Brene Brown describes shame at one end of a continuum and the other end of the continuum is empathy.

We can step closer to empathy by showing vulnerability ourselves. By demonstrating vulnerability, we allow for processing of our emotions and thoughts. Of course this must be done with tact and with appropriate regulation as described above. When used well, vulnerability can make a tense moment move towards empathy on all sides. If we can’t move it towards empathy, it will naturally go towards shame and get us away from truer understanding and appreciation.

Don’t let shame be the deterrent from more truth and wholeness.

If we hope to be empathetic, we don’t have to agree. Empathy does not need agreement to exist. We can see through a person’s lens, be non-judgmental (and yet still be vulnerable and regulate our emotions), understand someone’s feelings, and find ways to communicate back to them what we understand, all without agreeing with what they say.

Inspired by this idea from Ed Batista’s Self Coaching FREE Webinar recordings and his post dissecting Accountability and Empathy.

The best in the world…Will+Humility

The best in the world.

The best meaning, the best. Pretty simple.

The world meaning, whatever “world” that may be. The actual entire world, your family, your friend group, your team…

The best in the world have humility and will at their core.

Willpower to push and say, “I made this.” To show RESILIENCE and GRIT in the face of struggle.

To get back up and continue or at times, change direction.

Will alone, will accomplish but impact is magnified when humility is paired.

When the purpose of the will is not about the individual but about the bigger picture, the team, the client, the product.

When will is driven out of an ambition for the institution, not ourselves.

Where can you have more resolve and draw out a strong will?

When you find it, ensure it is befriended by humility.

If you must…

I’m searching for more humility in my life.

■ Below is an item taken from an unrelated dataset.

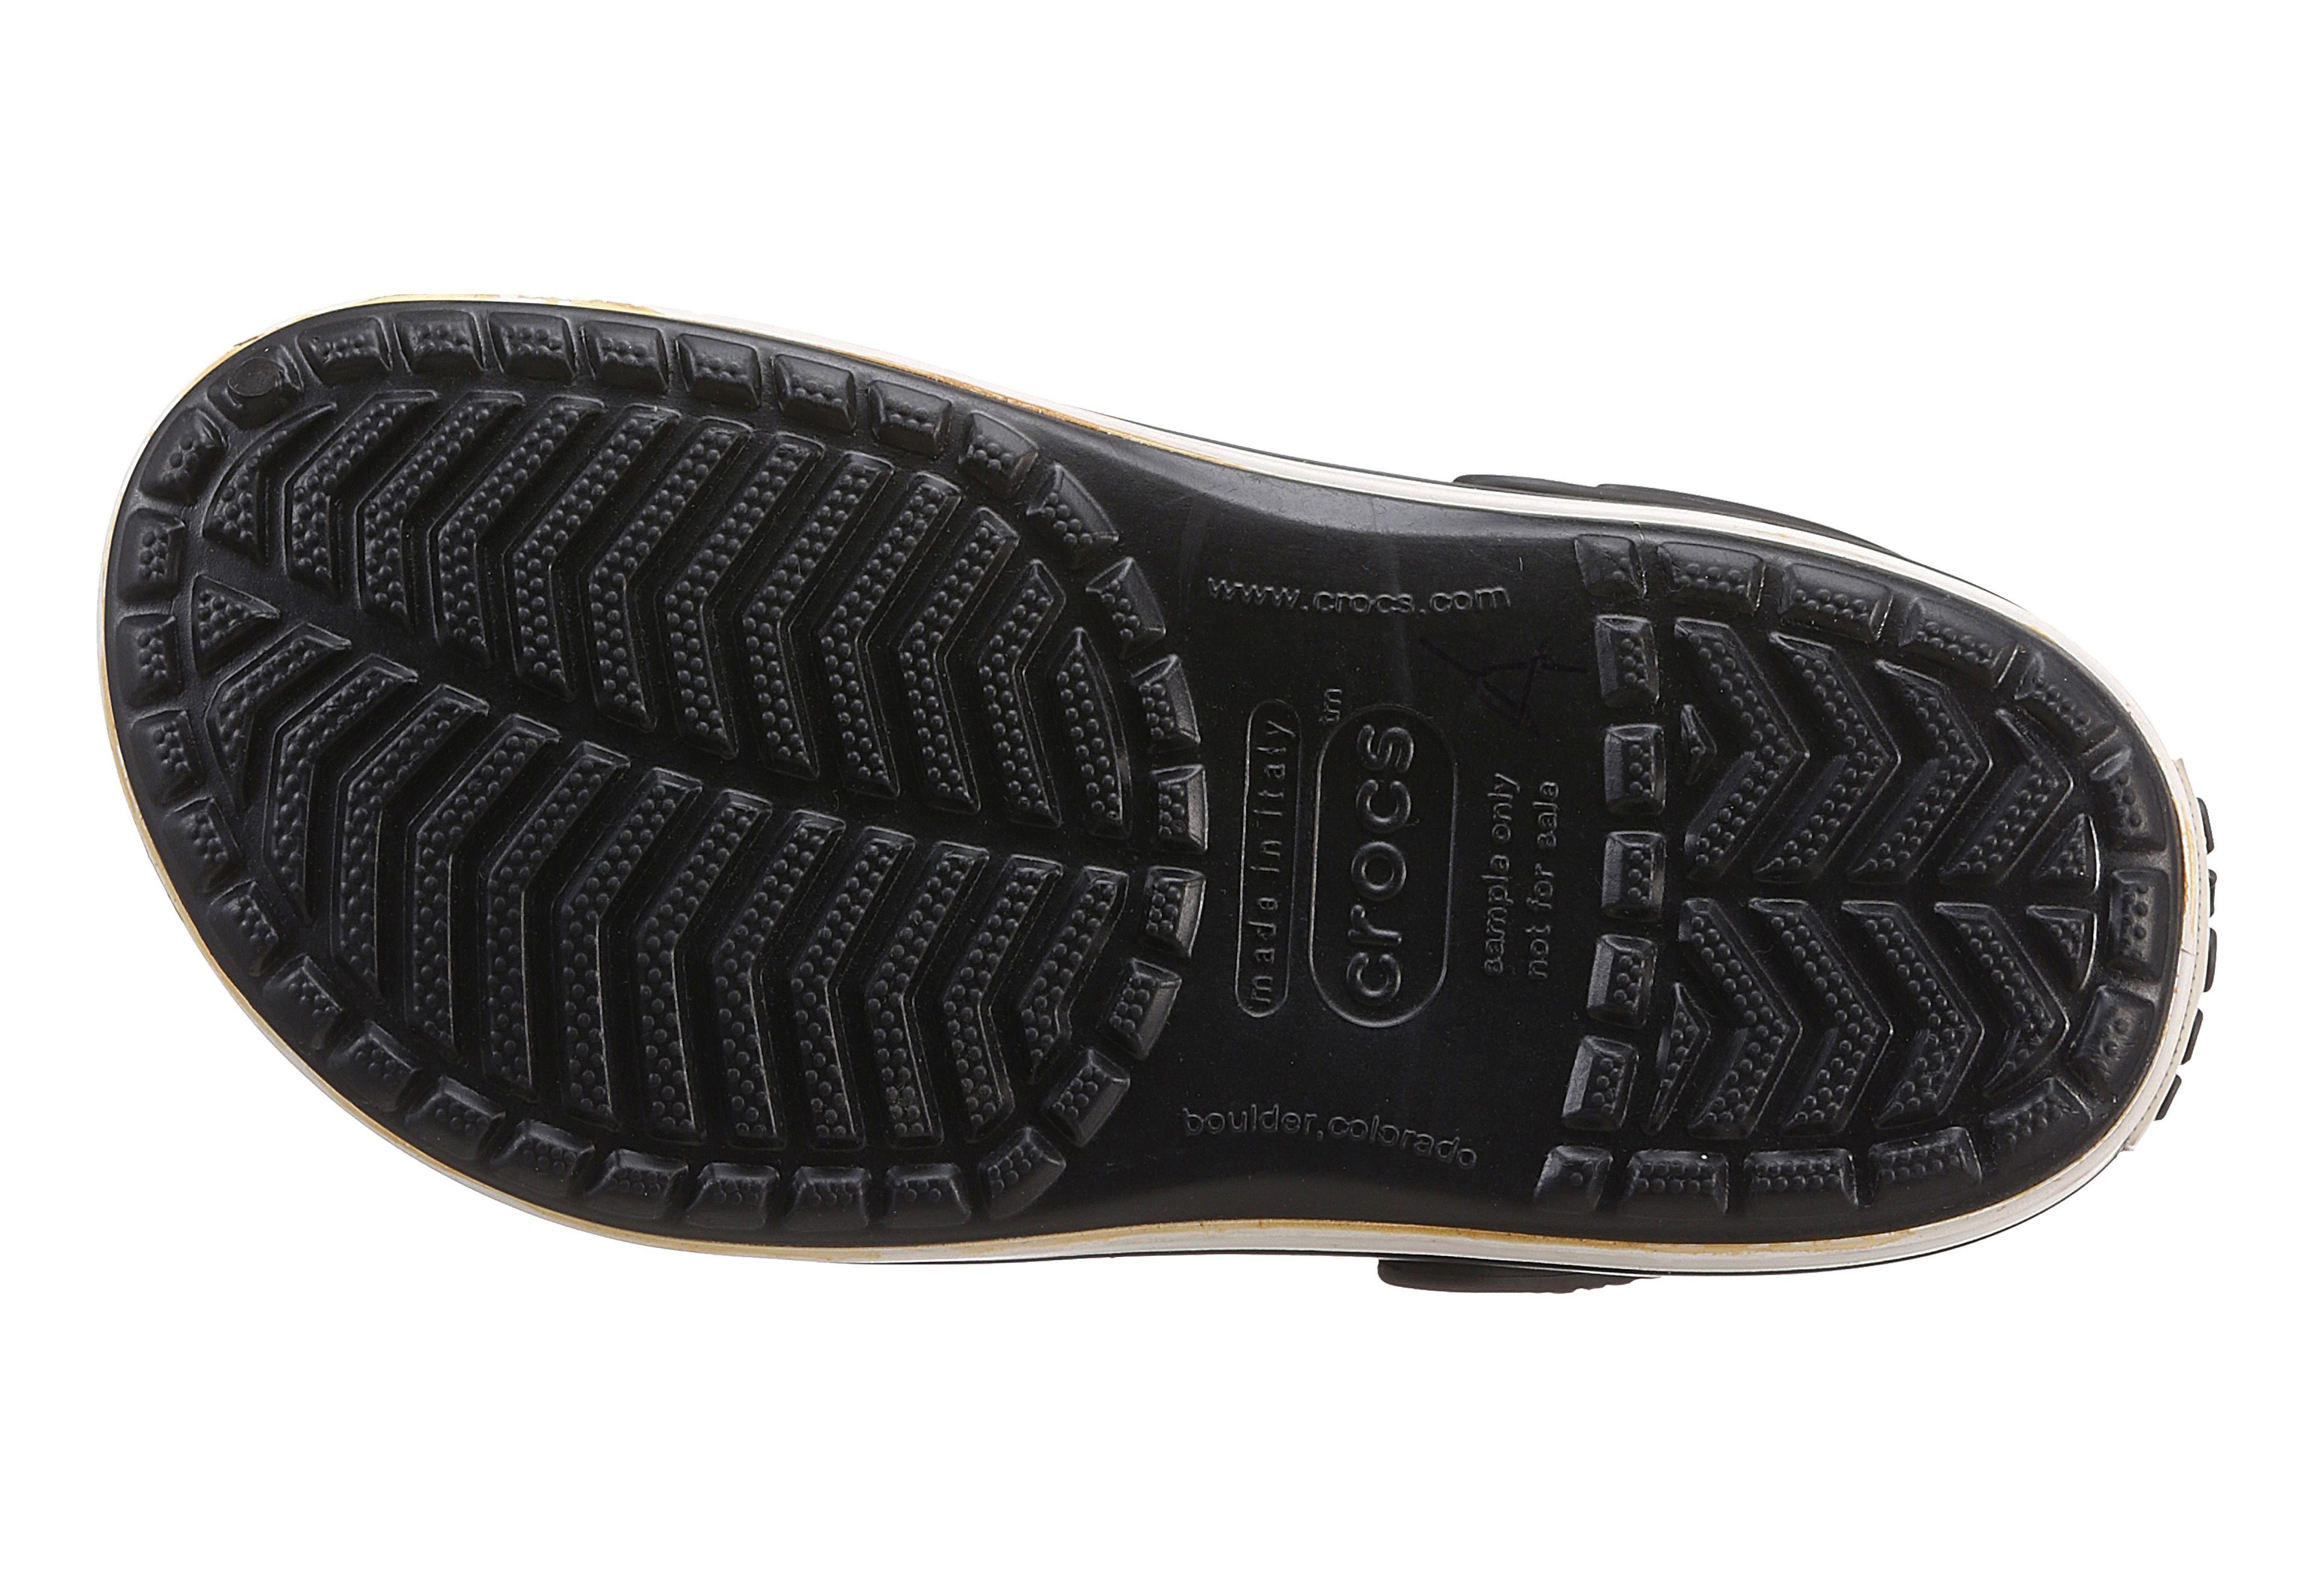 Laufsohle Crocband Crocs Clog farbiger mit schwarz-weiß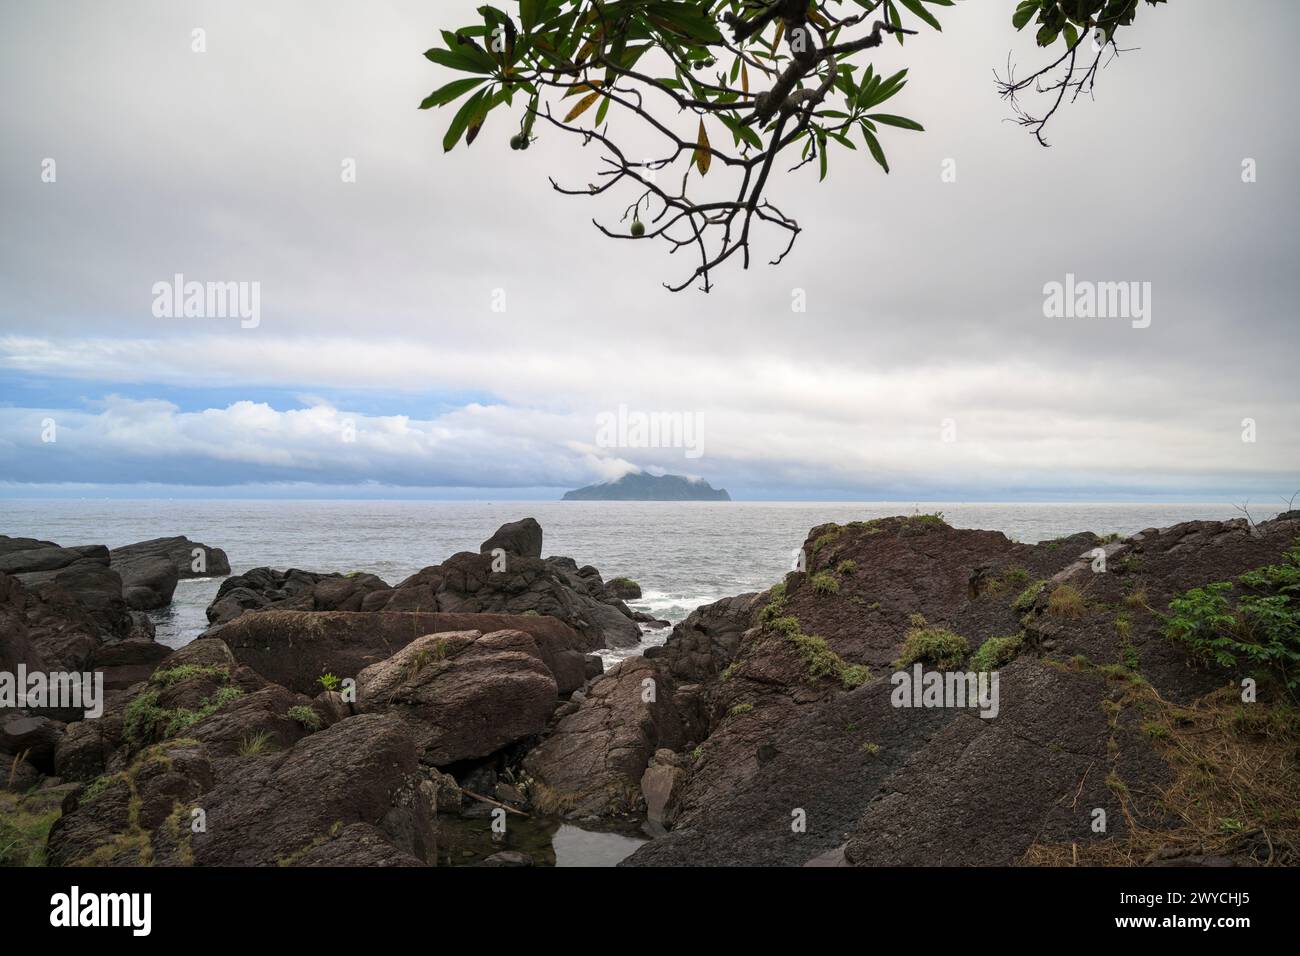 La vegetazione in primo piano incornicia la tranquilla vista di un'isola lontana tra acque marine calme e un cielo nuvoloso Foto Stock

This poem captures beautiful images of humility. It is not necessarily weak. When you see humility like this, you know.

If you must be heard, let it be like the babbling brook,
laughing over the rocks.

If you must be seen, let it be like sunlight
giving warmth and comfort to all.

If you must be acknowledged, let it be as the eyes
behold the skies in all their glory.

If you must lead, let it be like the wind and all its unshackled direction.

If you must learn, let it be like breathing,
the natural flow of in and out,
and done without thinking.

If you must teach, let it be like the water,
deep and flowing,
for your words are like pebbles in a pond,
the ripples they cause spread out in all directions,
and what you give out eventually returns.

If you must know, let it be flowing and growing.

And above all, if you must:
shine!

-Kerry Hillcoat

Need of Humility

“You can accomplish anything in life, provided that you don’t mind who gets the credit.”-Harry S. Truman

What are you doing that laughs in the face of humility? When do you, deep down, laugh at humility? Mock it for its weakness and dismiss it as for only ‘soft’ people?

For me when I do those things, failure or disappointment are right behind.

Humility is a transcendent quality. It requires us to work at it but in some instances, there’s nothing we can do to develop it. It is a characteristic of the titans of our age. It is not soft by any means but rigorous and defining. When paired with a strong will, it is unstoppable and proven to yield success.

Reflect on what you can do to lean into, more humbleness. Not that there’s any discipline we enact to develop humility but the closer we get to it, the more contagious it is.

Savior Complex

I recently started leading something new to me at work. I came in with a plan. A plan based on my perception of the group and my boss’ perception. I went in head strong claiming my plan expecting those I lead to “hip hip hooray!”

Needless to say that’s not the reason I’ve gotten especially from the ‘old timers’ in the group.

I neglected to come in with a humble spirit, an understanding ear, a thoughtful strategy. Thoughtful towards those who have the best perception of the group. The ones who have been there.

I missed the opportunity to consider the other when I started. I lacked Integrity of Influence.

Going forward, I’ll be considering the other, reaching out to those in the team before finalizing my plan.